Graph from paper showing meandering ant paths

Ants meander systematically to search.

As humans, when we search for something (e.g. a lost car key in the grass), we tend to go systematically (e.g. in a spiral or back-and-forth pattern). This is mathematically most effective and has been used by theoreticians and computer scientists as a model for search generally. HOWEVER, this really doesn't work well at all when there are obstacles or navigational uncertainty - i.e. if you imagine a bigger scale, like wandering around a large wood, small mistakes in turning angles will quickly set you on a completely different, and inefficient path, where you miss large areas or cover the same ground twice.

Most literature on animal movement, on the other hand, assumes animals do a purely random (as opposed to systematic) walk/search. Correlated random walk models are standard (correlated just means walking forward more often than turning around, but it's still with random angles and no plan from one step to the next).

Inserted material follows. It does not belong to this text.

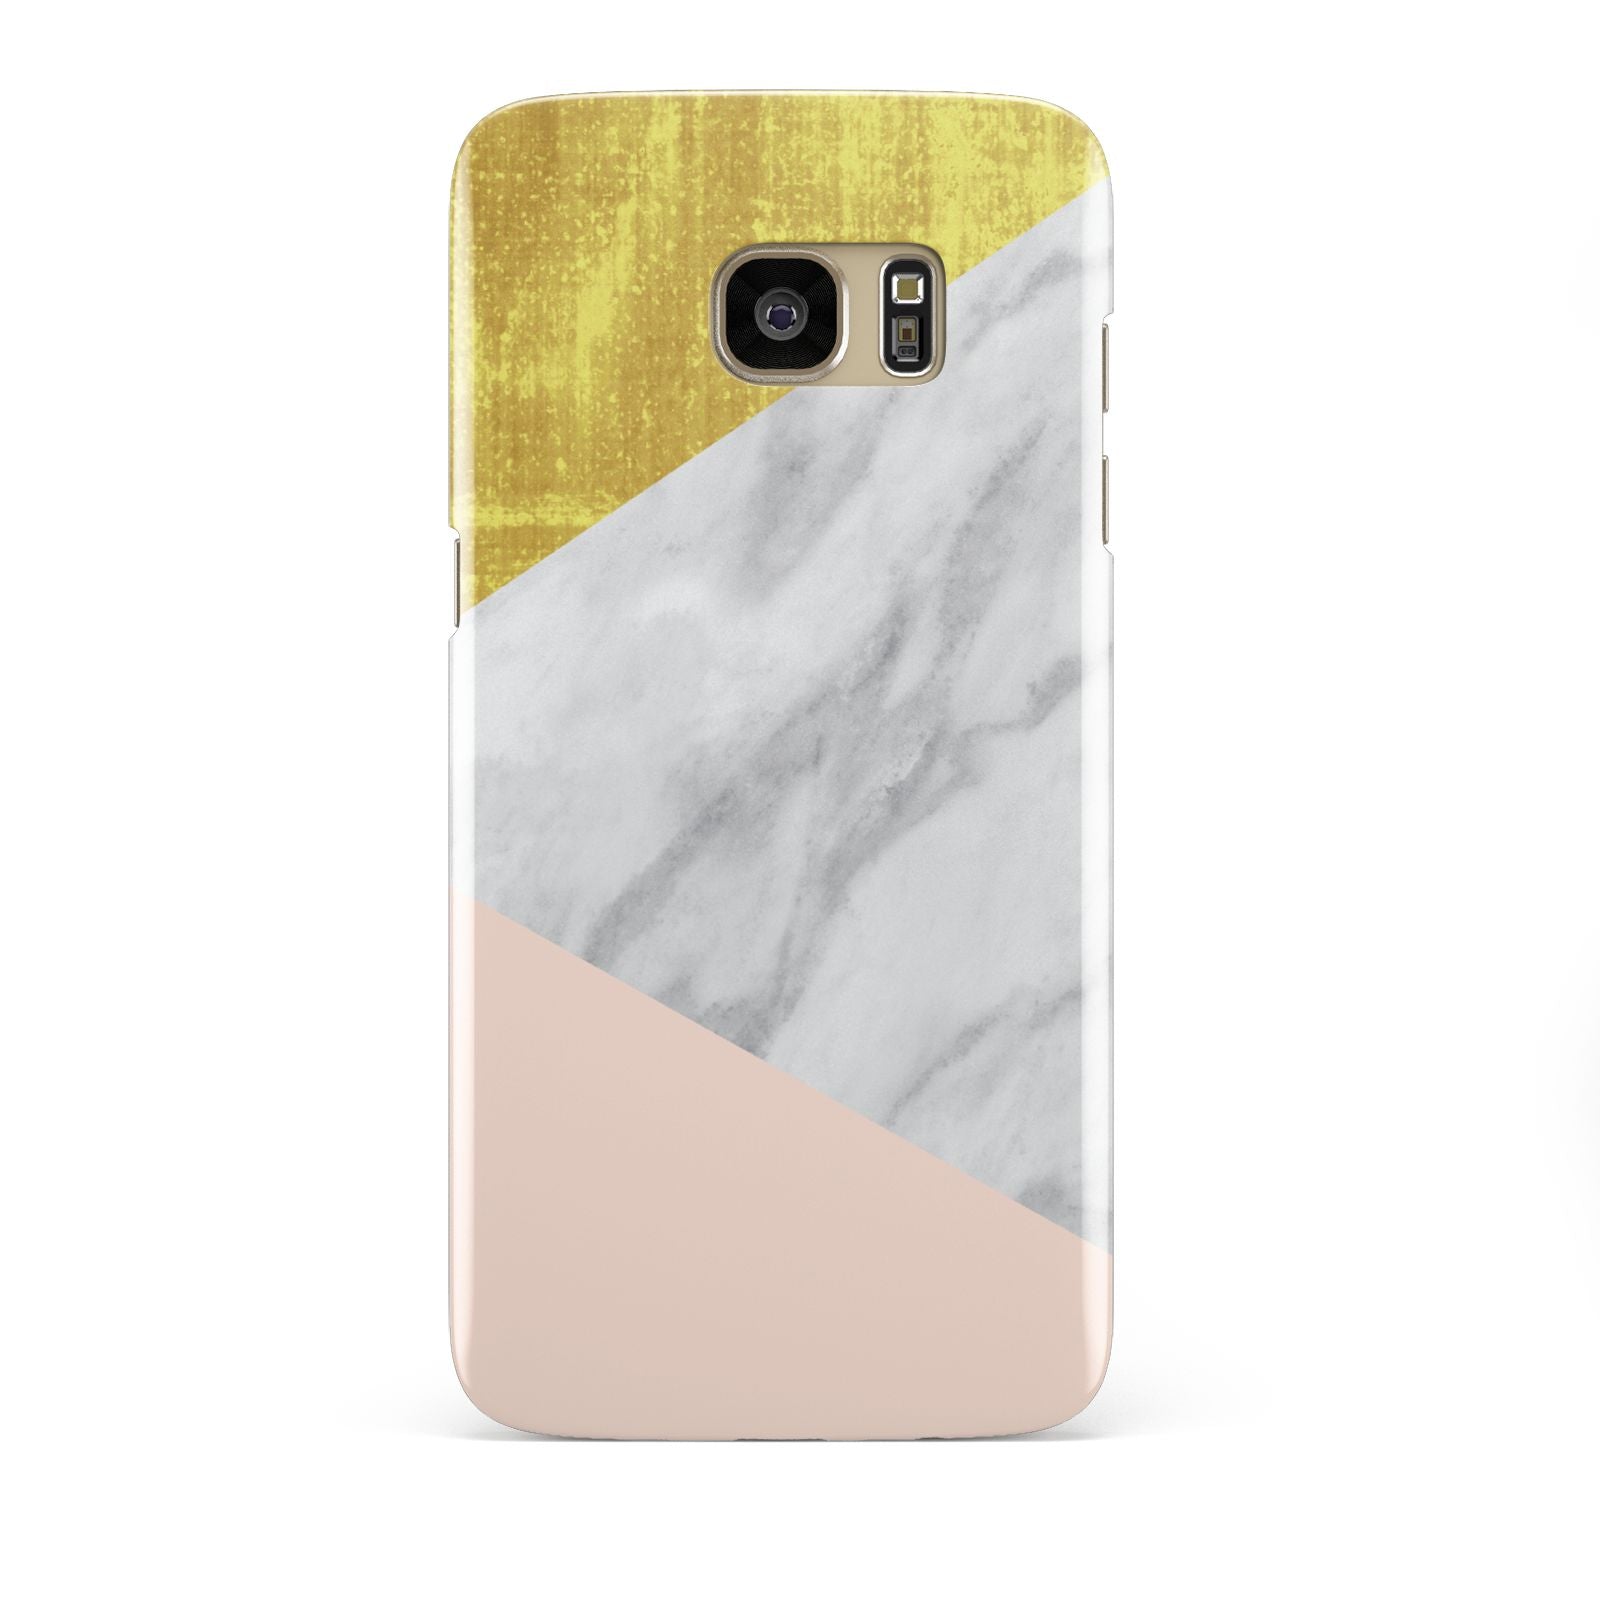 Marble White Gold Foil Peach Samsung Galaxy S7 Edge Case

Here, we analyze exceptionally long stretches of freely moving animals (ants in this case), and find they actually do something that may be a smart compromise between the two: systematic elements (i.e. meandering left to right, i.e. each step is not independent of the last) combined with randomness (noise in angles and random walking at a larger scale). This might provide a uniquely efficient and robust method of searching a large area and has not been previously described in any animal (there are some cases of well-described systematic search, see introduction in the paper).

Graph from paper showing higher variation among workers than queens or males

Bumble bee workers vary a lot in size - including in the field

That bumble bee workers vary widely in size has been known for a while; however we show here that workers vary in size a lot more than queens or males reared at the same time in the same nest, indicating that worker variation is ‘deliberate’ - ie. adaptive or at least not under the same selection as that of sexuals.
We also show for the first time that this is true for both field and lab colonies, and that workers in field colonies vary in size just as much as those in lab colonies do.

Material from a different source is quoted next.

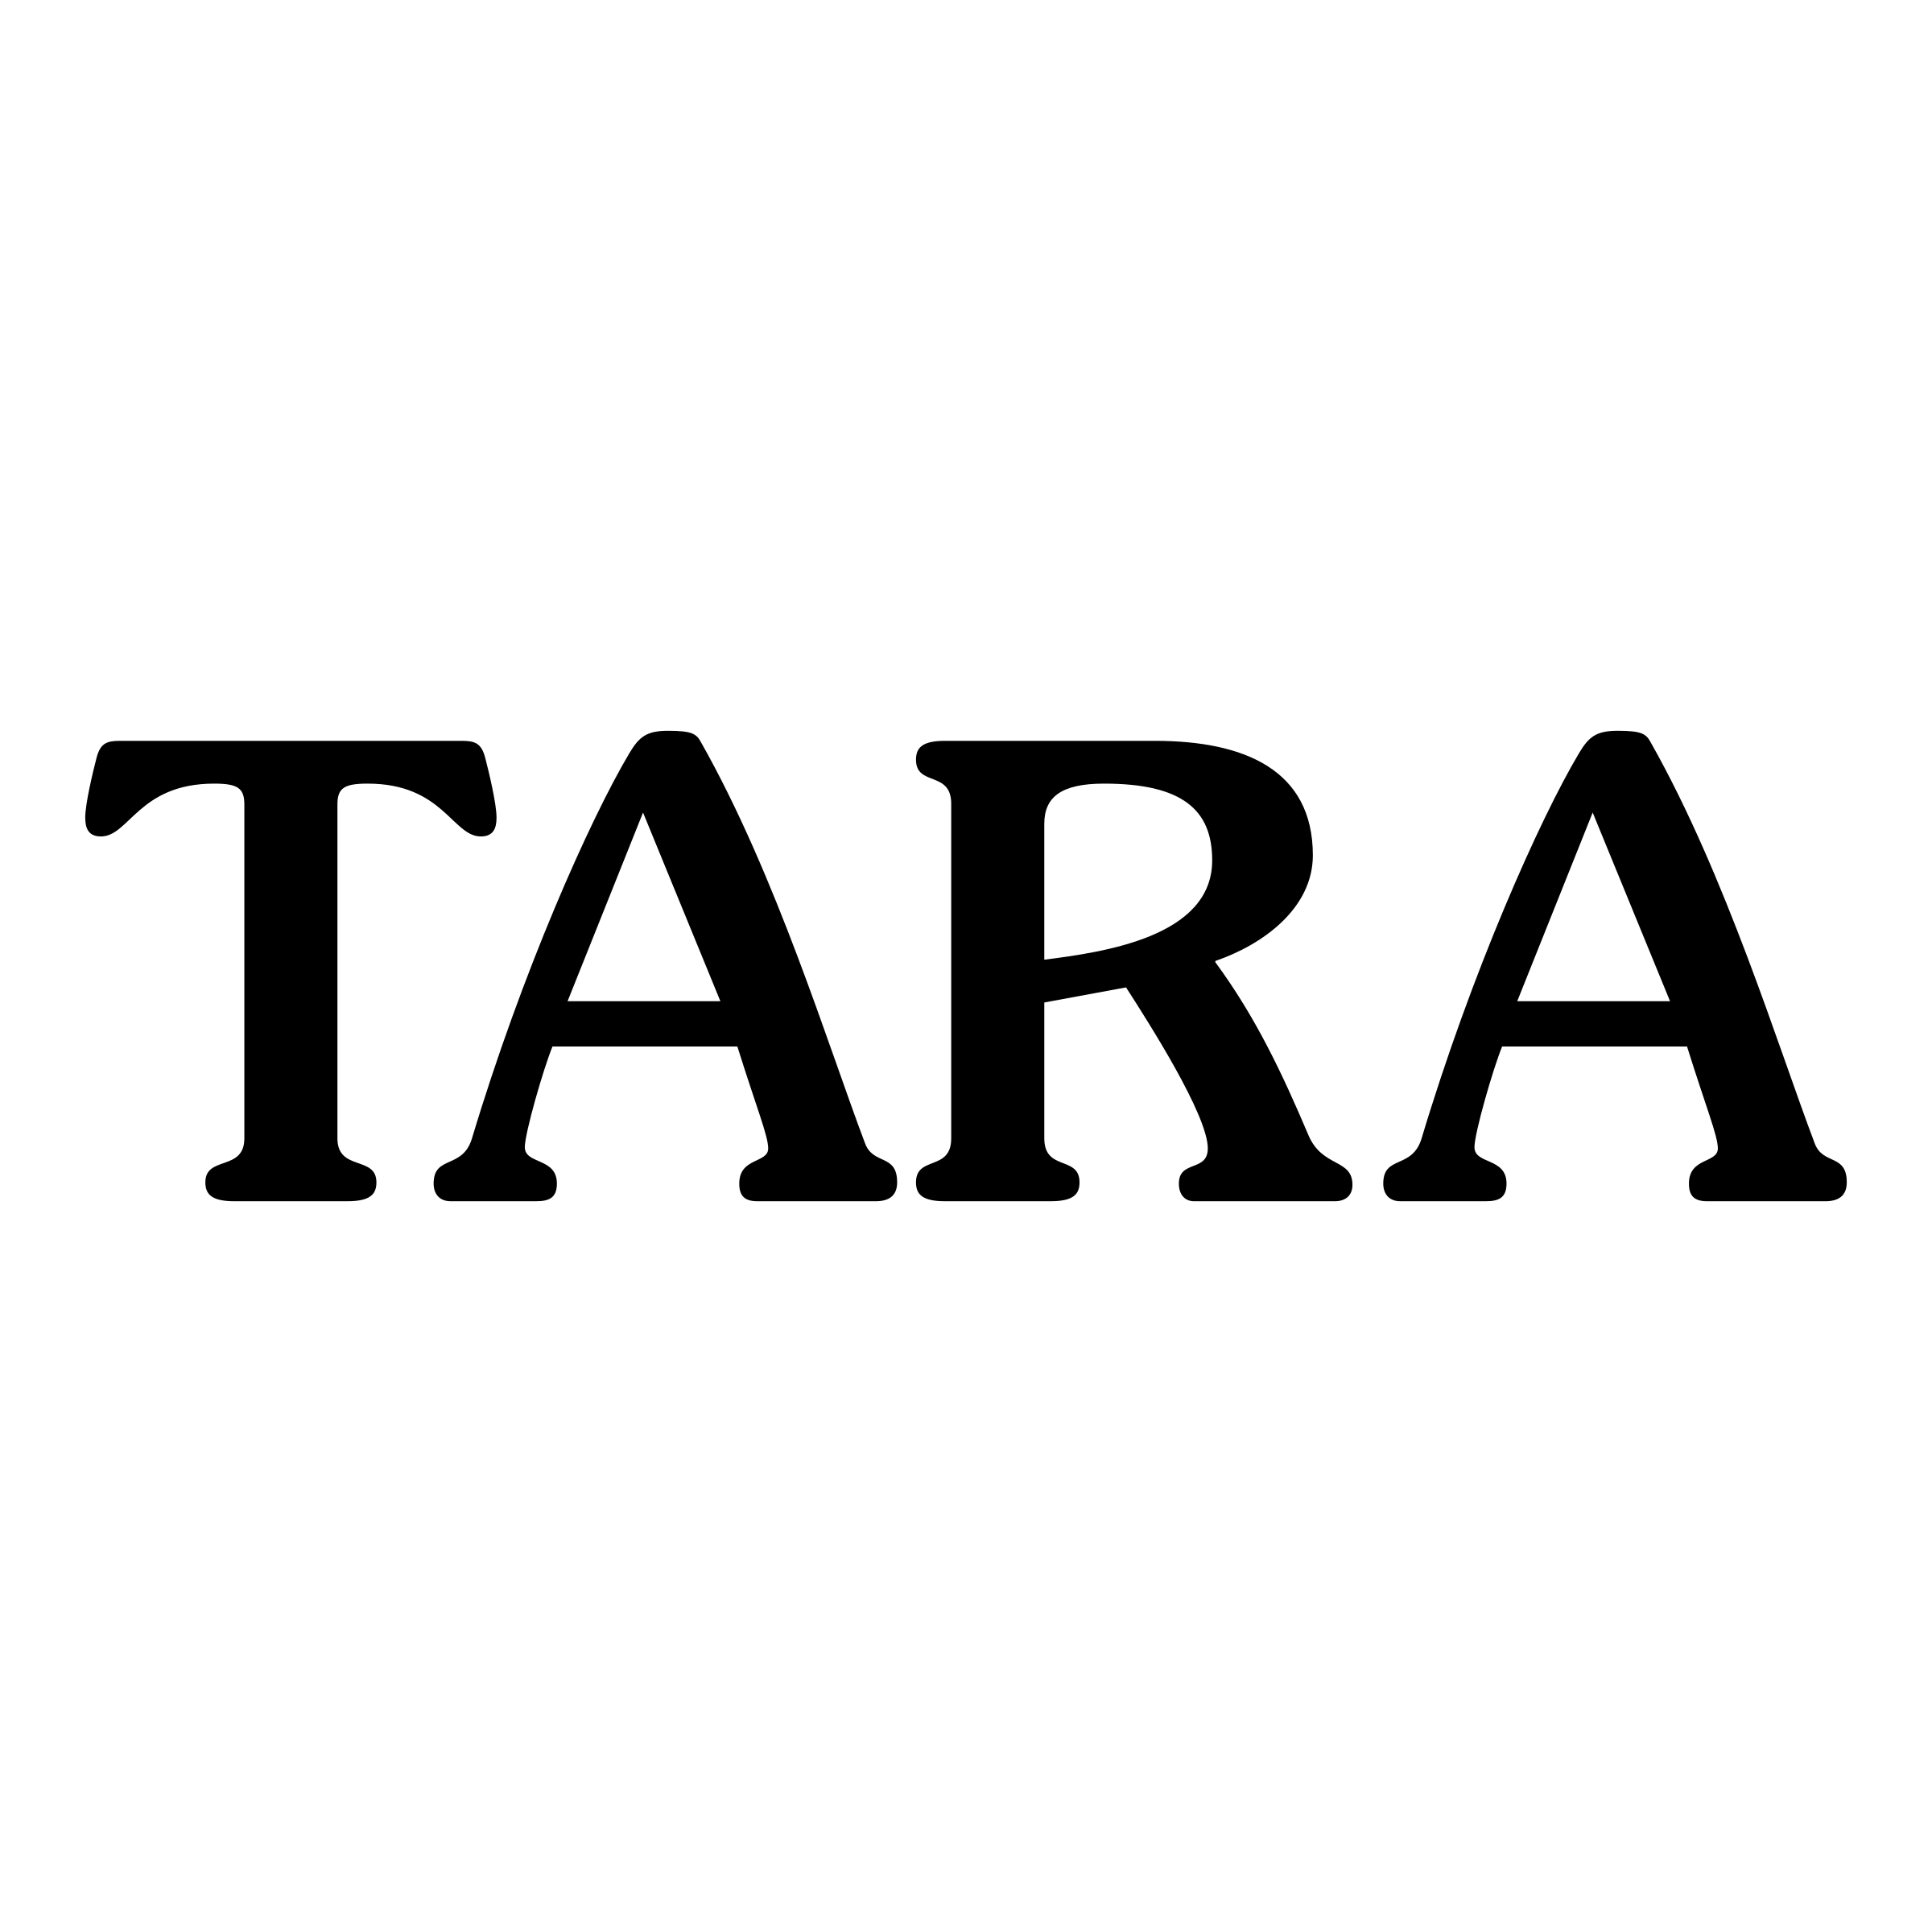 Tara Logo - Tara Logo PNG Transparent & SVG Vector

Turtle ant major blocking nest entrance with her head; fig section from paper showing multiple ants can block larger holes

Focus your defense on the assets that have a chance of surviving

Turtle ant soldiers block nest entrances with their disk-shaped head; however, blocking larger entrances, while possible with more soldiers, becomes less effective. If defense has little chance of succeeding because of high level of threat, ants concentrate their defenses and thus give up defense altogether in some sites.
The ant colonies flexible allocation of defenses among multiple nests and nest entrances is shown to agree with optimality model predictions in most cases; however, the lack of global information and coordination among soldiers may also lead to non-optimal allocation, especially when cavities differ in defensibility (entrance size).

WHY THIS WORK MATTERS

Building an efficient, curious human society

 

 
 

Insights about social insects relevant to collective organization, communication, search, and task allocation are being widely applied in computer science to develop better distributed algorithms - i.e. to build better software and hardware running on networks, in cluster computing, and in other contexts. In addition though, distributed problem-solving strategies inspired by ants and bees can and are also being used in logistics, industrial production line management, and other applications.

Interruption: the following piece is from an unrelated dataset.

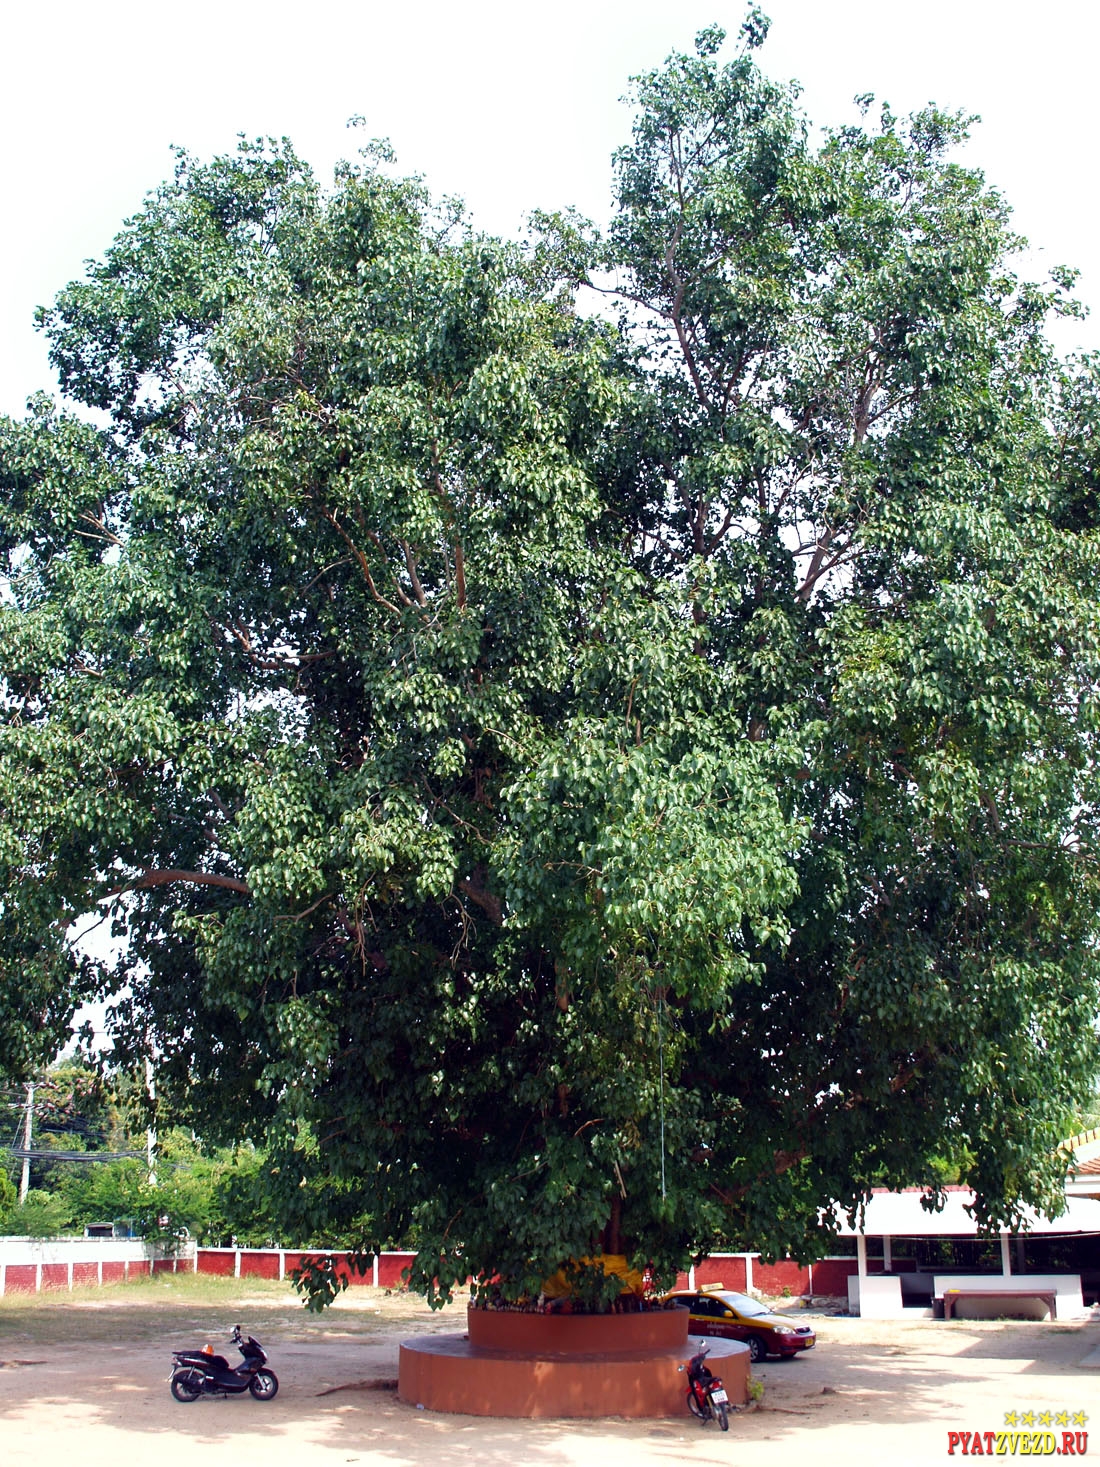 Дерево духов в храме

The particular strength of social insects is that they have acquired and tested their collective strategies over many millions of years.

This means whenever we have a group of collaborating individuals facing a problem that requires both efficiency and robustness to a dynamic environment, social insects may have better strategies already in place than our best managers and engineers can come up with.

Lastly, we believe that we can create a society that is happier and more focused on the beauty in the world if we get adults and kids to be more humble in the face of what we do not know about the world, and to appreciate the intricacy that is represented in every living organism, even in the brain of an ant.